Dualband WLAN Verstärker MEDION P85016 (MD 86833)
Der kann als Access Point, als Repeater oder als Client arbeiten. (theoretisch auch als Funkstrecke aus 2 Geräten - das habe ich aber nicht getestet) Für den sollte auch in jeder Notebooktasche noch Platz genug sein.

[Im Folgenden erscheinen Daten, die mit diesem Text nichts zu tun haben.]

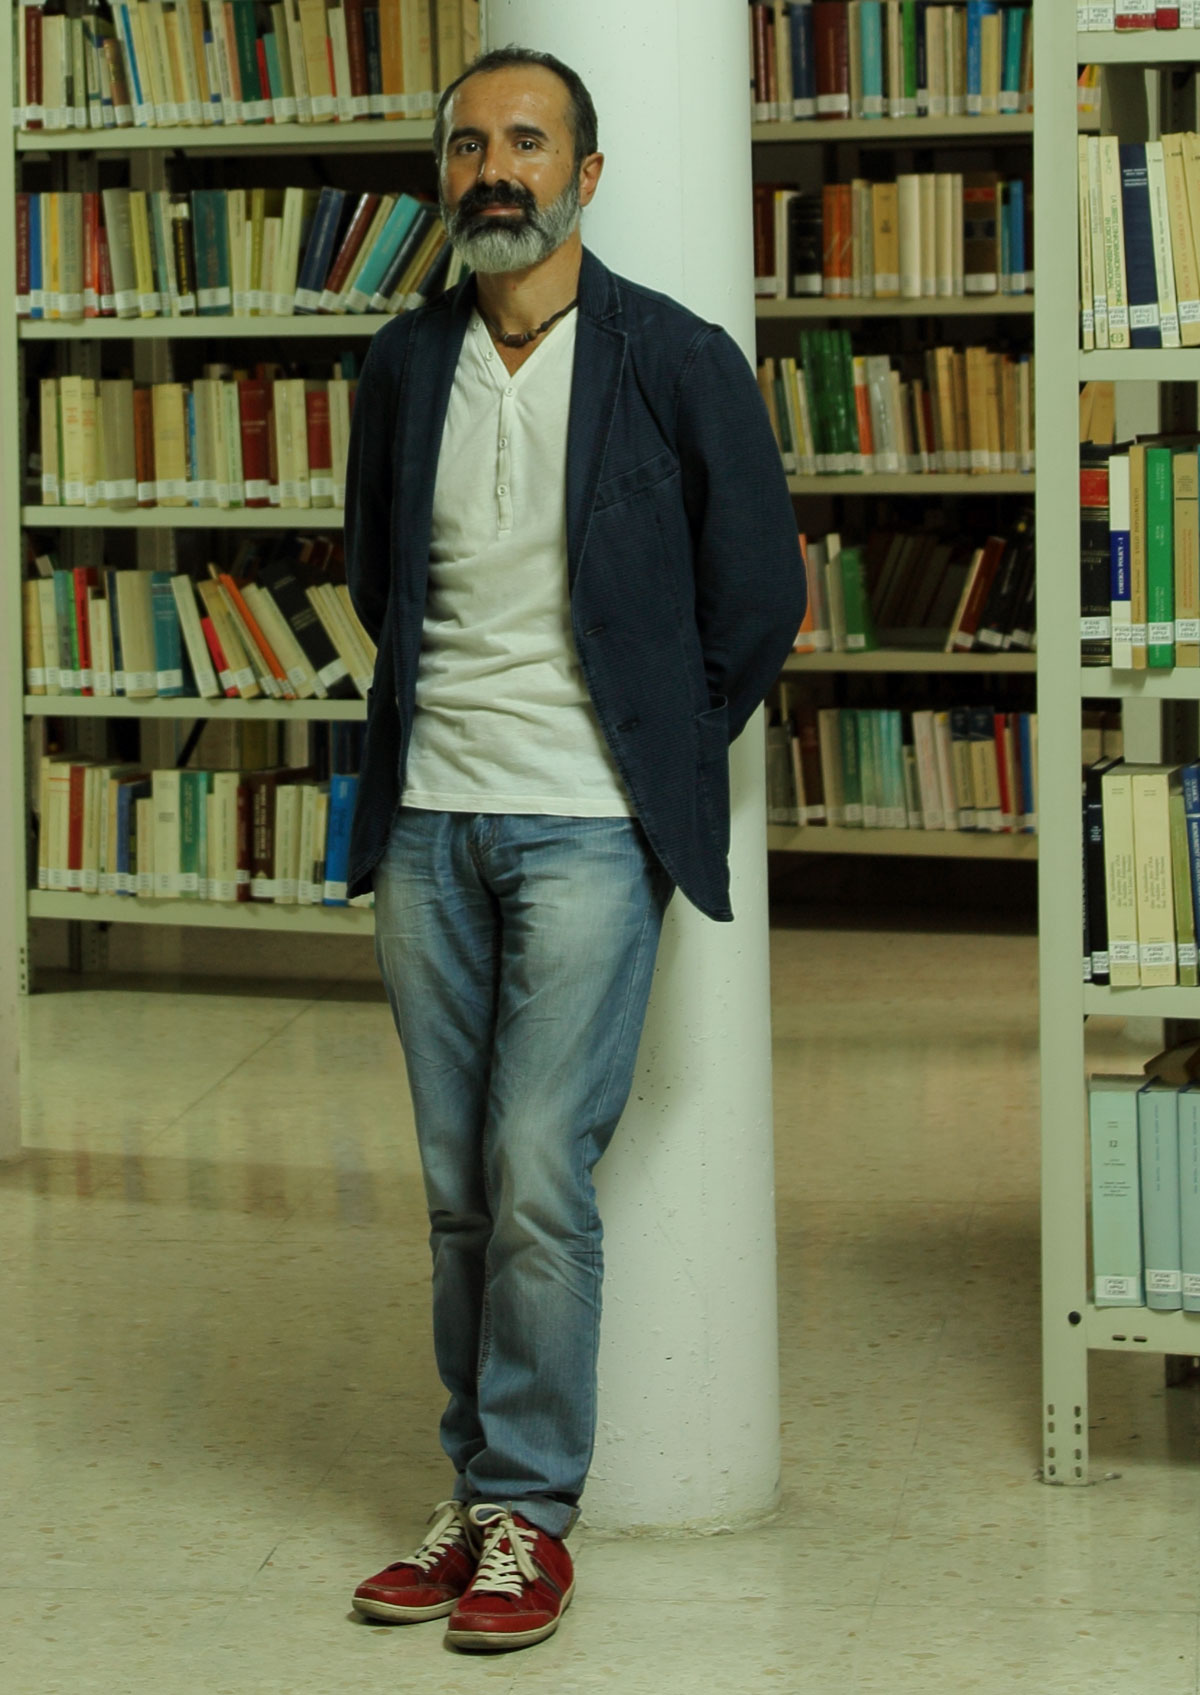 Octavio Salazar en una biblioteca. Imagen cedida a elplural.com por Planeta

Zwei Vorgänger-Geräte nutze ich schon 1,5 Jahre ohne Probleme privat als Access Point.
WLAN Verstärker MEDION P85250 (MD 86464)

Harald


----------



## Gerhard Bäurle (29 November 2013)

Matze001 schrieb:


> Den Asus haben wir im Einsatz! Ist super das Teil!
> 
> ...



Auf Deine Empfehlung wollte ich ursprünglich 
verlinken, ich habe das oben geändert.


----------



## bo1986 (29 November 2013)

Hallo, Vielen Dank für die Unterstützung. Unt die Information mit dem anderen Thread. Ich habe jetzt 2 Verschiedene Gerätetypen in der näheren Auswahl: - http://www.amazon.de/WL-330N3G-Universaler-Wireless-Accesspoint-Repeater/dp/B004U8SFBE - http://www.medion.com/de/prod/Dualband+WLAN+Verstärker+MEDION®+LIFE®+P85016+(MD+86833)/50043870A1  Danke für die Unterstützung


----------



## buriza (15 April 2014)

Ich wurde auch sagen das die router von ACCON sehr dazu geeignet sind


----------